A kind of titanium aluminium niobium alloy lamellar structure direction-controlling method

Technical field

The invention belongs to high temperature alloy organizational controls studying technological domain, relate to a kind of titanium aluminium niobium alloy lamellar structure direction-controlling method.

Background technology

Peritectic Alloy is to use engineering alloy very widely, and many important engineering materials all exist peritectic reaction in the preparation, has therefore caused researcher's very big concern.Titanium-aluminium alloy is as a kind of typical Peritectic Alloy; Have lightweight, height ratio is strong, height ratio is firm, anti-corrosion, wear-resisting, high temperature resistant and excellent advantages such as non-oxidizability; And have excellent normal temperature and a mechanical behavior under high temperature; Serviceability temperature can reach 700-900 ℃, is one of outstanding candidate's high-temperature structural material in fields such as aerospace industry, weapon industry and civilian industry.The titanium-aluminium alloy of high content of niobium receives concern widely because of it has more excellent high-temperature behavior, antioxygenic property and creep-resistant property, and it is the titanium-aluminium alloy that future in engineering applications is arranged most.

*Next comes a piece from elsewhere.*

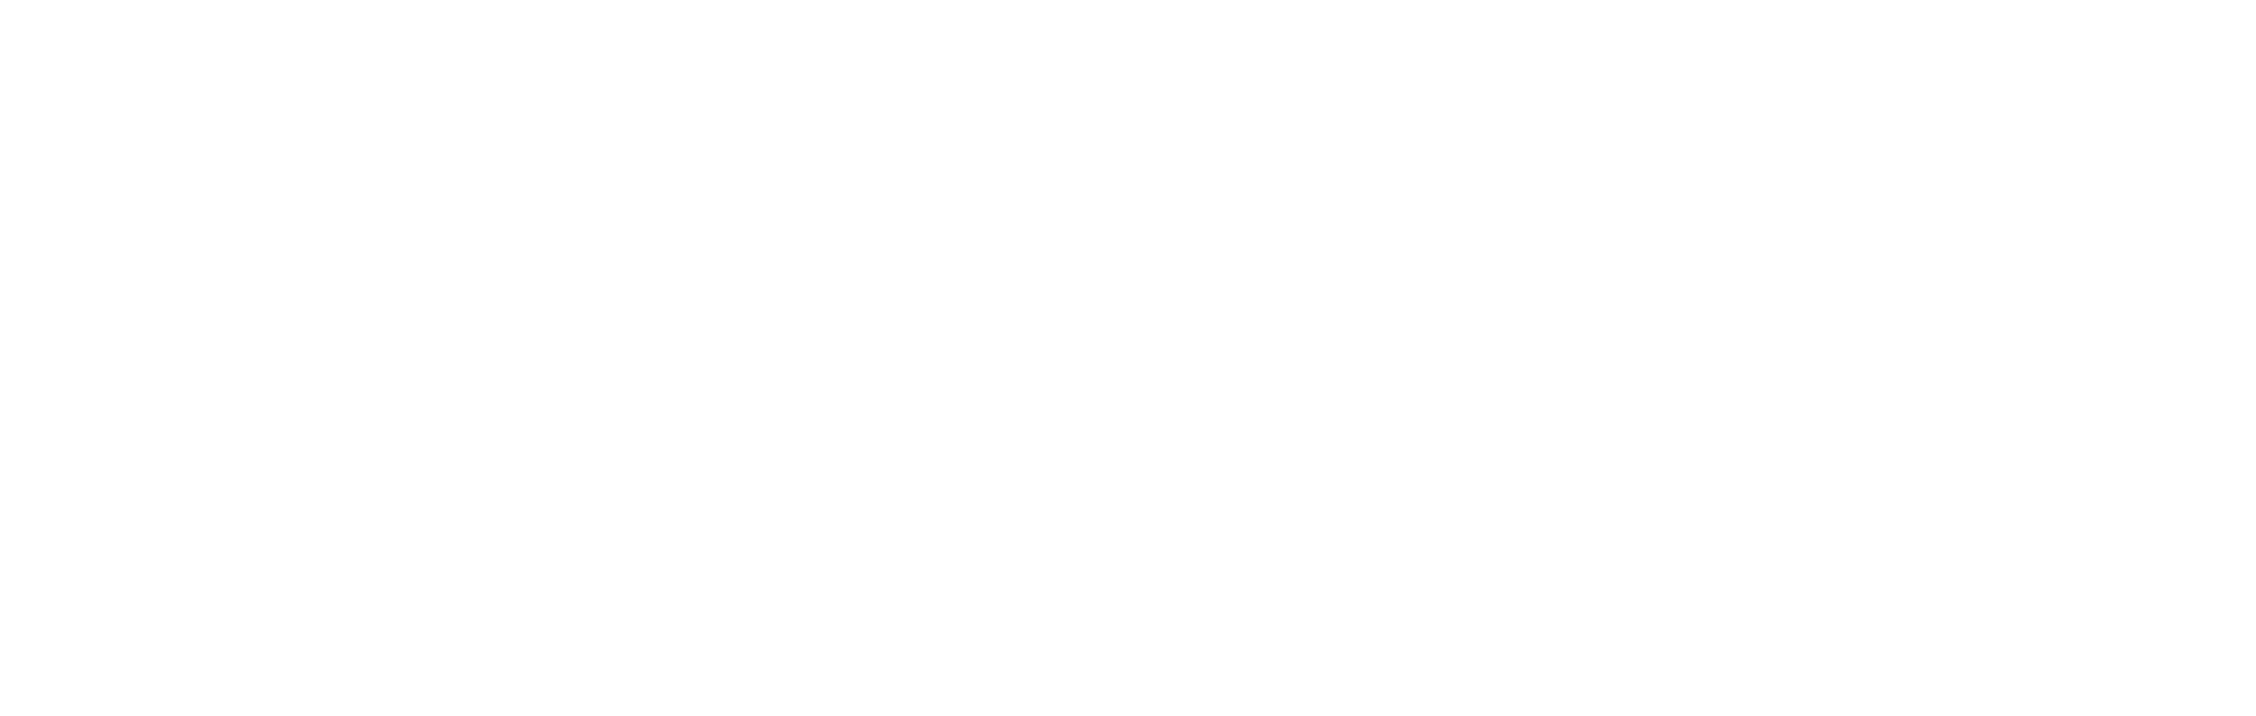 Tan World Logo - Proud Supporter Resources and Logo | World Vision

Though titanium aluminium base alloy has the performance of more excellence, this type material has essential fragility, generally is difficult to processing, has hindered its practicability.Many scholars attempt through obtaining the oriented freezing organization of titanium-aluminium alloy, make its preferential orientation performance consistent with the carrying direction, the comprehensive mechanical property that obtains.Directional solidification (directional solidification-DS) technology is the control of hot conduction orientation when solidifying through utilization; In frozen metal and solidified melt not, set up the thermograde of specific direction; Reach control process of setting and solidification path, and the control crystal orientation, horizontal crystal boundary eliminated; Obtain the purpose of columanar structure or specific lamella direction, thereby improve other mechanical properties such as its fracture toughness, creep strength, plasticity.Directionally solidifying titanium aluminum alloy is expected to replace directional solidification nickel-base high-temperature alloy, becomes the ideal candidates material of blade of aviation engine.Control to directionally solidifying titanium aluminum alloy lamella microscopic structure has become domestic and international research focus.

The researcher mainly controls directionally solidifying titanium aluminum alloy lamellar structure direction through the seed crystal method both at home and abroad at present, and this method can be obtained the lamellar orientation many twin synthetic crystal (PST) consistent with the direction of growth.It is that the titanium aluminium foundry alloy of α phase prepares seed crystal that the seed crystal method is at first selected first solidifying phase.Solidifying phase is the α phase time in the ban; Lamellar structure preferential direction after the directional solidification is perpendicular to the direction of growth; Johnson D R is at ActaMaterialia; 45 (6): 2523-2533,1997, after cutting seed crystal piece and half-twist, carry out the seed crystal directional solidification among the Alignment of the TiAl/Ti3Al lamellar microstructure in TiAlalloys by growth from a seed material; And control high thermograde G and suitable drawing velocity V, thereby make high temperature α obtain the PST crystal with the plane configuration continued growth.The defective of this method is complicated process of preparation, the seed crystal composition usually and the foundry alloy composition to there are differences the composition and the performance that cause directional solidificating alloy inhomogeneous.In recent years, be the through engineering approaches application and development owing to solidify the mutually polynary titanium-aluminium alloy of β earlier, the researcher urgently wants directly to control the purpose that titanium-aluminium alloy directional solidification process reaches control strip layer tissue direction through non-seed crystal method both at home and abroad.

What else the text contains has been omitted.